The US dollar is poised to emerge from its worst quarterly decline in 15 years as the economy grows during the second half, according to currency experts.
The dollar will trade at US$0.99 per euro and Japanese yen 123.24 at the end of the year, according to the average forecast of 51 analysts, traders and investors surveyed by Bloomberg News.
It was recently at US$0.9915 per euro and Japanese yen 119.59. Against a trade-weighted index of six currencies, compiled by the New York Board of Trade, it dropped 10 percent in the past quarter.

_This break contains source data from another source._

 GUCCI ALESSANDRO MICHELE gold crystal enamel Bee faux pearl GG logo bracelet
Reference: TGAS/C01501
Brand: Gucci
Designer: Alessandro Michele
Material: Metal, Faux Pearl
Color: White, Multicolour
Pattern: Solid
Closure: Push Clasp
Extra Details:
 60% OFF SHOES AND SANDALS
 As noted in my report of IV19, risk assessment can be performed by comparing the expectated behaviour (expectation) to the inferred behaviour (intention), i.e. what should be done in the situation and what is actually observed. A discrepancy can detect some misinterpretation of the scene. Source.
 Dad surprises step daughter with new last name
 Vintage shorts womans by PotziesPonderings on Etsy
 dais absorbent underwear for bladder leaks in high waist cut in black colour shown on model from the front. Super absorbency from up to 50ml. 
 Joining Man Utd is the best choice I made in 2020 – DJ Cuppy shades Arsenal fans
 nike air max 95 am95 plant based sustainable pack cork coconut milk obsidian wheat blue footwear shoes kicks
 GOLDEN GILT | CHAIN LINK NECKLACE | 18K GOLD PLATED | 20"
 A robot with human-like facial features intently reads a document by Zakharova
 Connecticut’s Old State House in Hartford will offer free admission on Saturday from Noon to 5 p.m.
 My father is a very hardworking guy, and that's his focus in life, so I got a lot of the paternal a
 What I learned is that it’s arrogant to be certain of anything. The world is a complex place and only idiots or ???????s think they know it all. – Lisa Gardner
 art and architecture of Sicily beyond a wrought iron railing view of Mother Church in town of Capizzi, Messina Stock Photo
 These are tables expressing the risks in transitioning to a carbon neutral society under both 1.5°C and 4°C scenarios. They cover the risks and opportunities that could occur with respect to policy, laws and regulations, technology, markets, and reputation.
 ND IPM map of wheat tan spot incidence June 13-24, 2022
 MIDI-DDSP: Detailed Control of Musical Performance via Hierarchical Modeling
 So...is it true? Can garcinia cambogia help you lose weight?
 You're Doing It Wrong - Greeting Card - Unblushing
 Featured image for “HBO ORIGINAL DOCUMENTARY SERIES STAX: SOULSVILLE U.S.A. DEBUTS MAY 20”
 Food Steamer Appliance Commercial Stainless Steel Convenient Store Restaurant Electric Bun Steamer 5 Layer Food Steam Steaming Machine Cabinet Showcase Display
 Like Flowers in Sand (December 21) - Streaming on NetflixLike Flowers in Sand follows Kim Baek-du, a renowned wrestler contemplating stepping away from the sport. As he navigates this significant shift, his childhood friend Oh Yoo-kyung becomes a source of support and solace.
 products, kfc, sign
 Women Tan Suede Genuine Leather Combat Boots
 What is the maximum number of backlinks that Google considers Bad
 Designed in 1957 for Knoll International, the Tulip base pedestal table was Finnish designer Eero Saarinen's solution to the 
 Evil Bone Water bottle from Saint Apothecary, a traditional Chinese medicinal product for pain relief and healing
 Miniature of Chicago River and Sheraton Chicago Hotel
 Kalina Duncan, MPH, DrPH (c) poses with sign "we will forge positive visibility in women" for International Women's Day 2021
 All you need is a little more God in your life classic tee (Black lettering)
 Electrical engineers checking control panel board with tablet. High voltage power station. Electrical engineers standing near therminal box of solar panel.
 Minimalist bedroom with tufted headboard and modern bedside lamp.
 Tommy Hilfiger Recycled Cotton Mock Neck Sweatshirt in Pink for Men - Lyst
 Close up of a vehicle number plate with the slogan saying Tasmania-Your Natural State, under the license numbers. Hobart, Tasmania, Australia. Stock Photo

"Investor confidence in US assets has been badly shaken, but it's difficult to see that the dollar's decline will persist," said Adrian Cunningham, who helps oversee US$150 million at Abbey National Plc's Talorcan hedge fund in Glasgow, Scotland. "The US economy is recovering."
The world's biggest economy is expected to grow faster than those of Europe and Japan this year, which may lure investors back to dollar-denominated assets.
A slower-than-forecast recovery in US corporate profits and concern that companies are using accounting practices to falsely inflate earnings had led some investors to lose confidence in US investments.
The world's biggest economy will grow 2.3 percent in 2002, according to the International Monetary Fund. That compares with expansion of 1.4 percent in the 12 countries that share the euro and a contraction of 1 percent in Japan. The US grew an annual 6.1 percent in the first quarter, its fastest pace for two years, while the euro-region economy expanded 0.2 percent.
The dollar slumped 9 percent or more against the euro, the yen and the Swiss franc in the first half as some investors dumped dollar holdings. The Standard & Poor's 500 stock index has tumbled 13 percent this year, its biggest first-half loss since the 1970s, while the Dow Jones Industrial Average fell 7.5 percent.
"A lack of confidence in US assets is the main problem for the dollar," said Scott Barlass, director of currencies at Abbey National Asset Managers in Glasgow, where he helps oversee Japanese yen 14 billion (US$20 billion). He sold dollars this year for currencies such as the euro, the yen and the Swiss franc.
Barlass expects the dollar to weaken to US$1.05 per euro by the year's end. The euro hasn't been worth US$1 since February 2000.